Так что в их обиталище южанам выкроили немного места. «Зеленого китобоя с дружком», как жена местного старосты Аргерль, смеясь, нарекла рамана и Таира, расселили в доме. В общих комнатах, оно понятно, но все-таки.
Охотники и моряки собрались в просторном зале усадьбы и расселись за небольшими круглыми столами в окружении четырех каминов и нескольких жаровень, расположенных и по периметру, и частично в центре помещения. Когда-то тут, в этой части танаара, были свои, ненамного отличные от прочих северных традиций, обычаи приветствия гостей и правления.

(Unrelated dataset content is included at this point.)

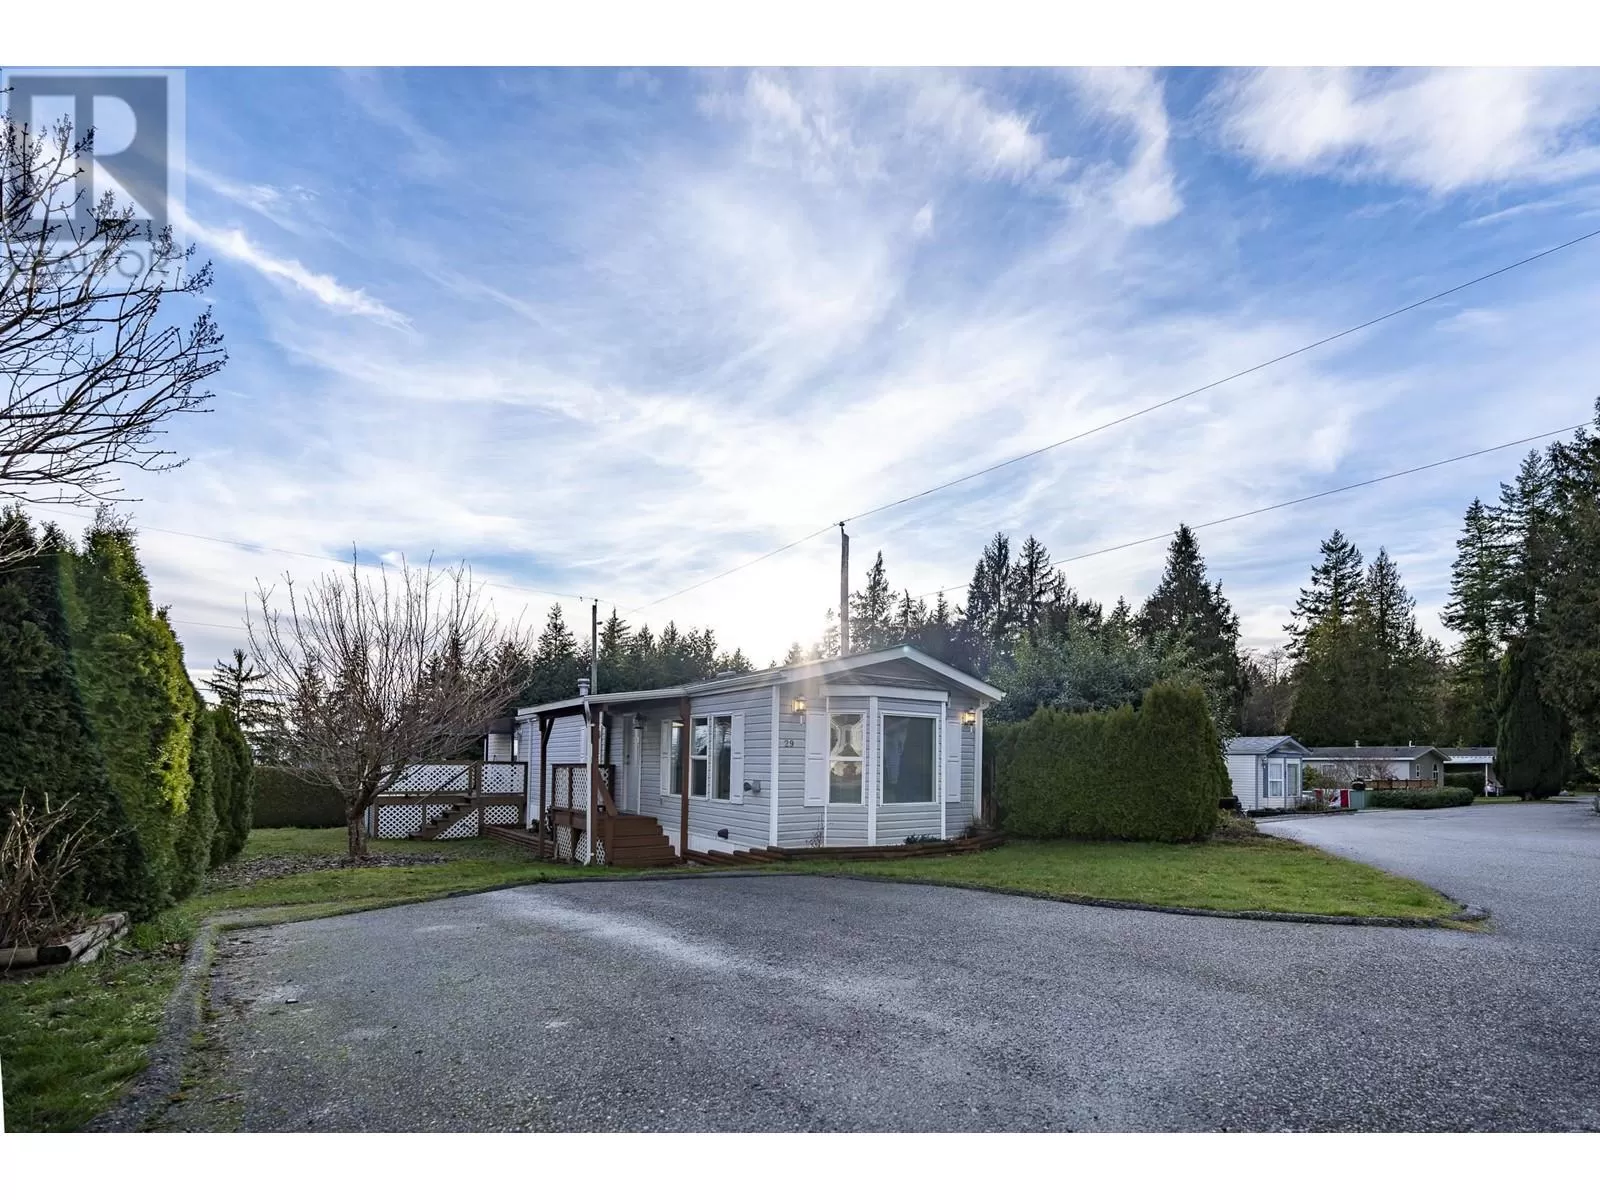 Mobile Home for rent: 29 5575 Mason Road, Sechelt, British Columbia V7Z 0K9
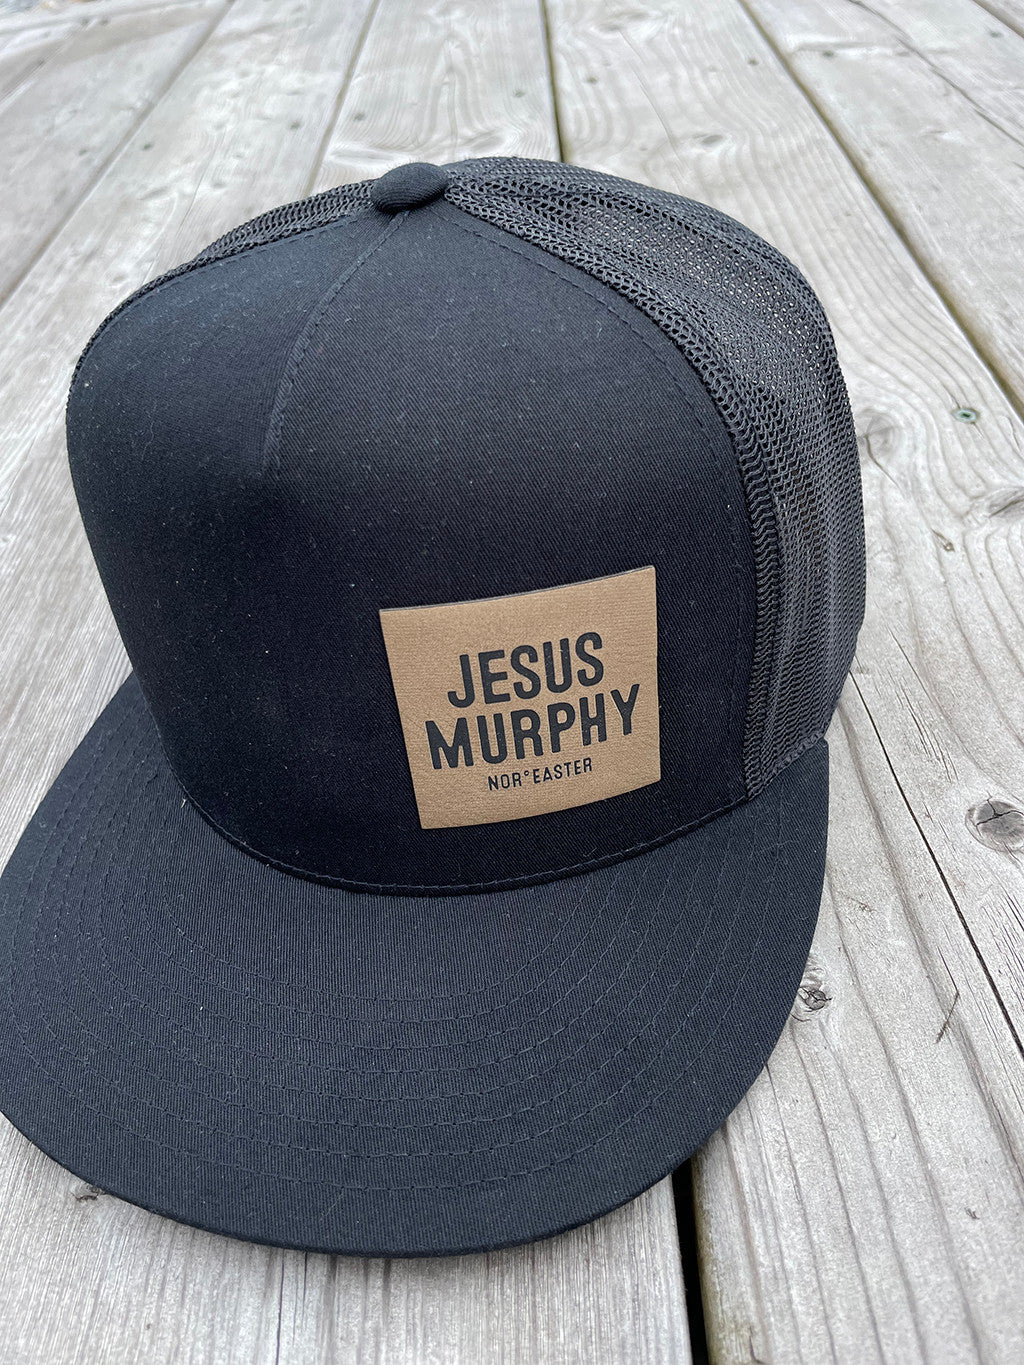 Jesus Murphy Trucker Hat

Например, круги столов, призывающие к равенству перед лицом грозных сил Зимы и Стужи, все-таки обозначали ясное разделение между местным правителем, многоопытными капитанами, морскими волками-китобоями, охраной, которая всегда по обязанности состояла из лучших охотников, и новичков в этом непростом деле. Самый молодняк рассаживали за дальними столами, со статусом повыше — ближе к капитанам и героям зверобойни.
Сегодня Гед, староста и управленец поселением, господин древо-каменной усадьбы, сидя за главным столом с восточной стороны зала, чуть подвинулся вместе с женой. В дни, когда гостили таны, почетное место всегда оставалось за ними. Пока еще Бансабира и Маатхас не переоделись в сухое с охоты, но скоро они выйдут.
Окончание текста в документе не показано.